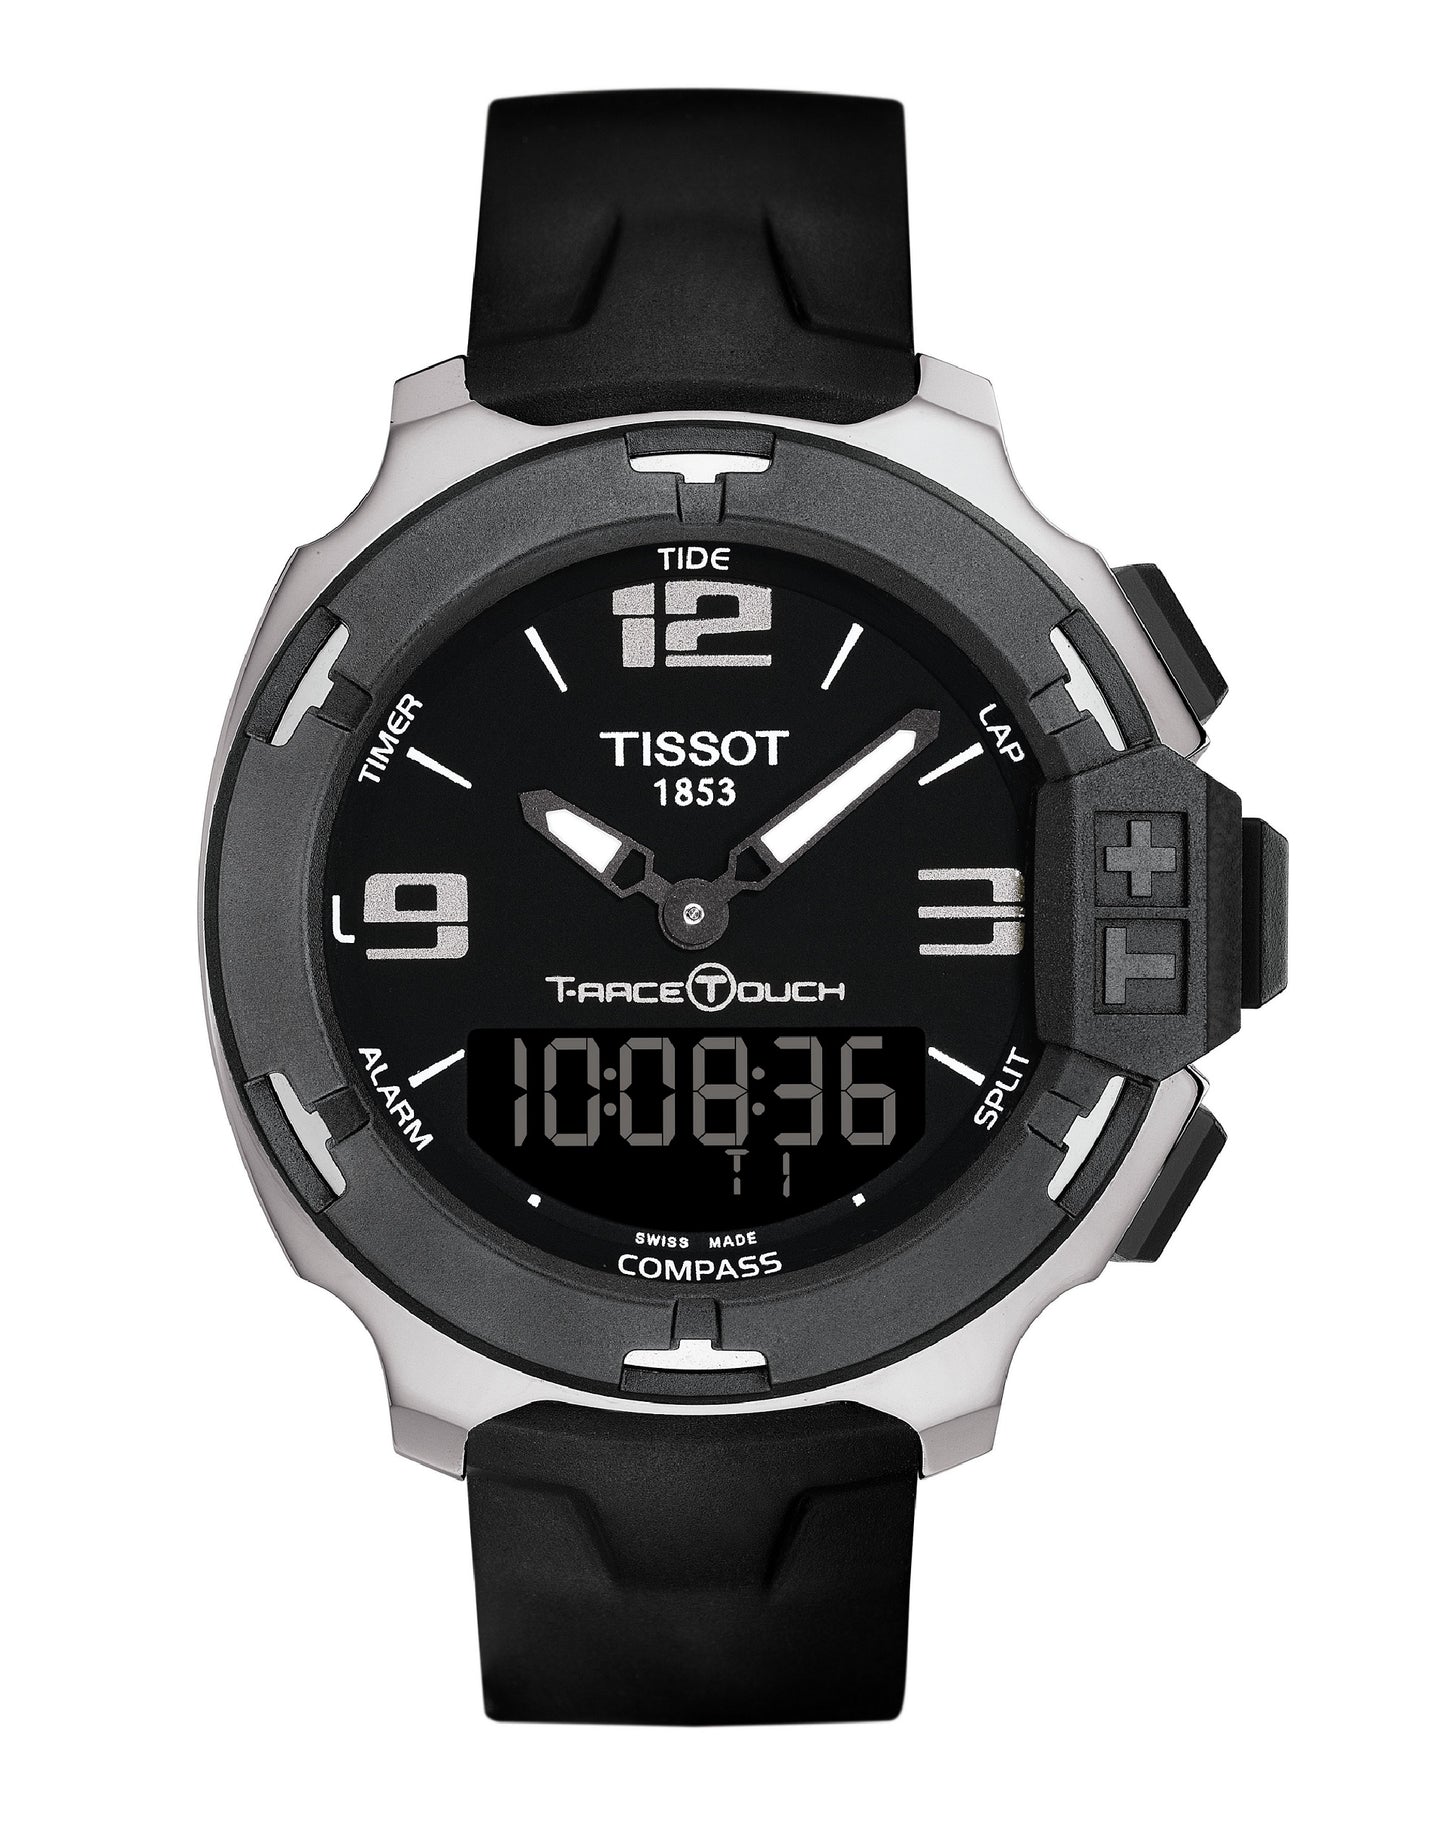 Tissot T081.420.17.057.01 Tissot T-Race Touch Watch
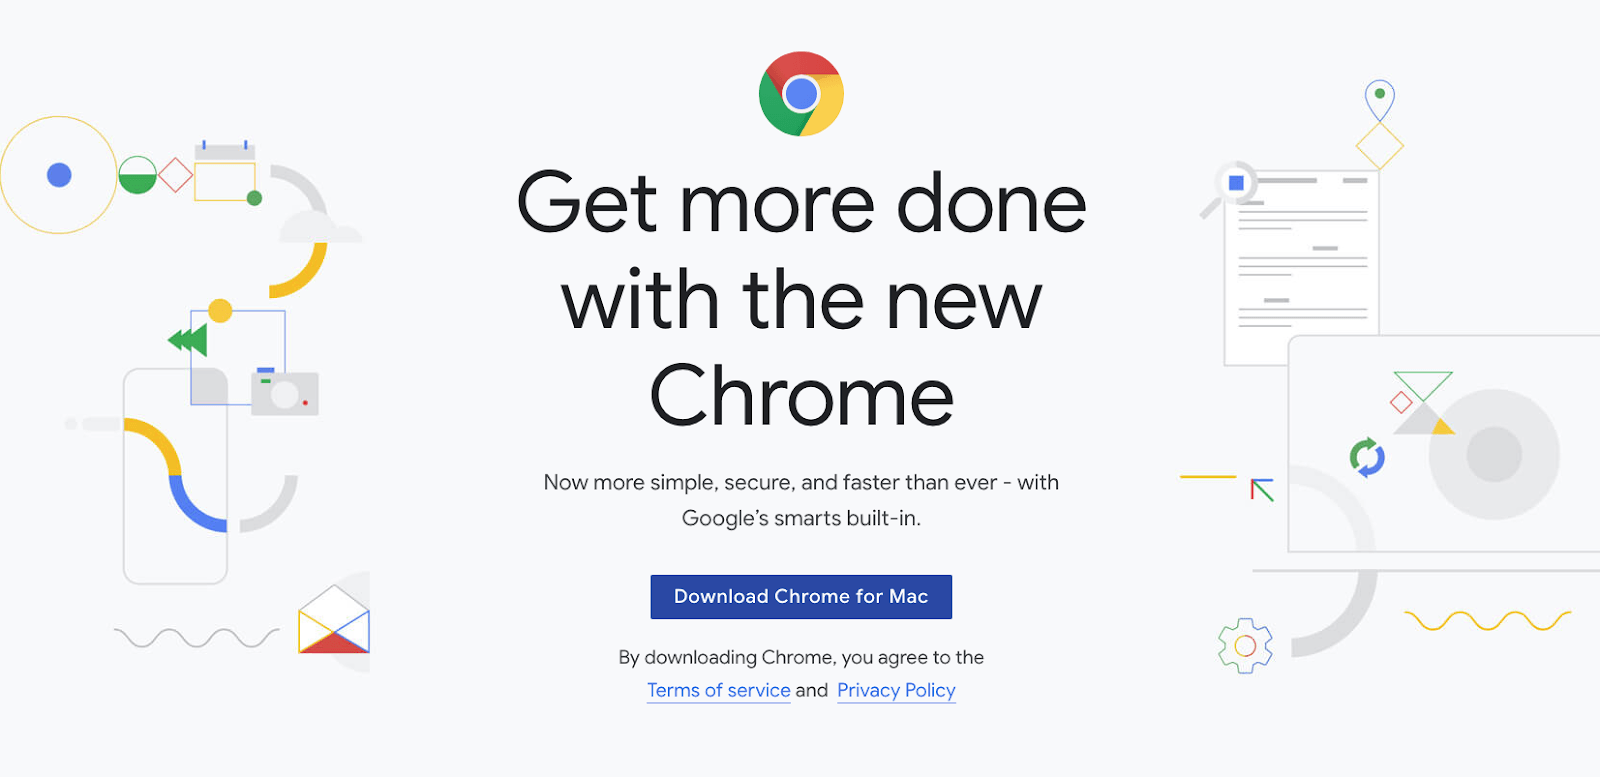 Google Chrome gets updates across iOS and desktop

———

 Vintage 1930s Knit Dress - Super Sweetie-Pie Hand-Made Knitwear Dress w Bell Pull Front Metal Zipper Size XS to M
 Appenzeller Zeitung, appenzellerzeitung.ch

———

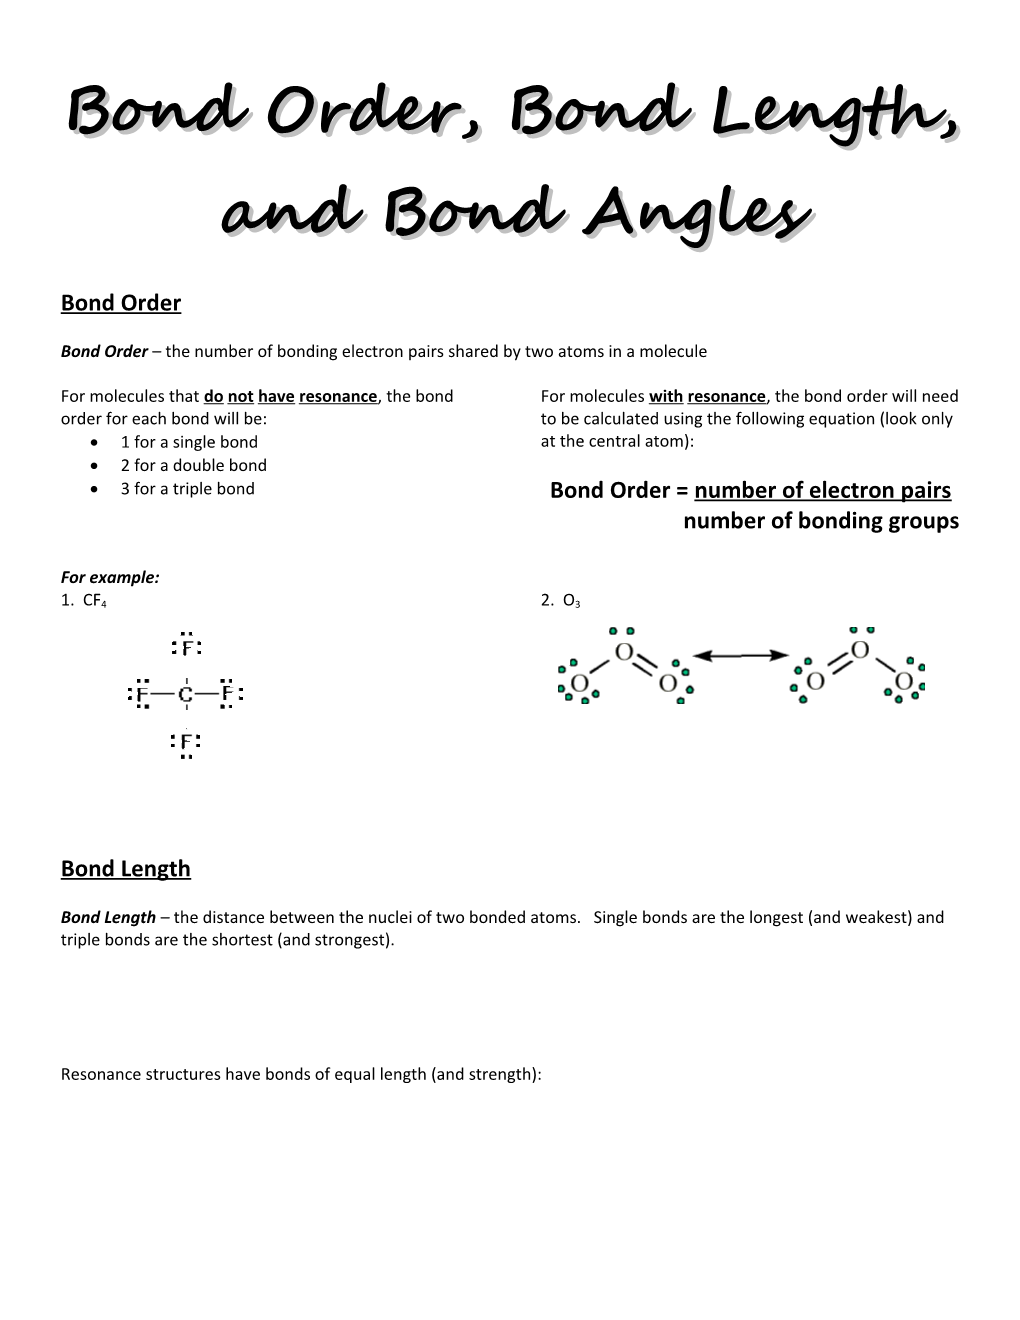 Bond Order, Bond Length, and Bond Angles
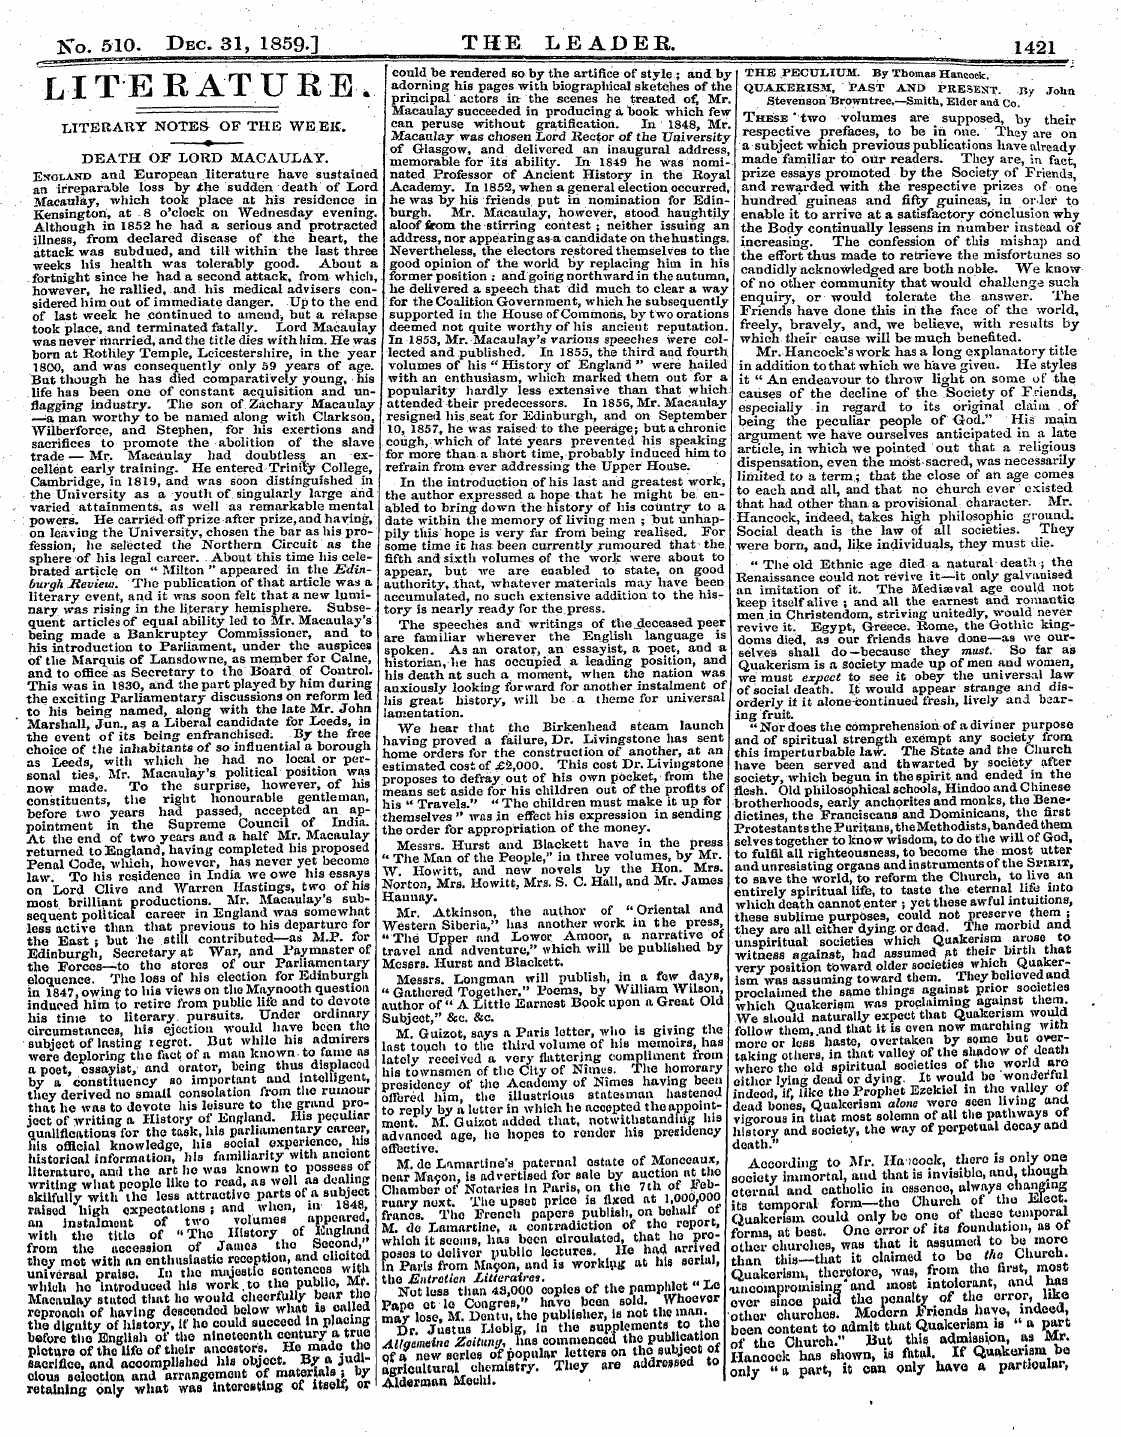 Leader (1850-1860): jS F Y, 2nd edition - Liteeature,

———

Activity: Extract from the material above the stretch running from the line containing "Tissot T081.420.17.057.01 Tissot" through the line containing "Google Chrome gets". Keep the text exact and the pictures out.

Result for this task:
 Tissot T081.420.17.057.01 Tissot T-Race Touch Watch
 Google Chrome gets updates across iOS and desktop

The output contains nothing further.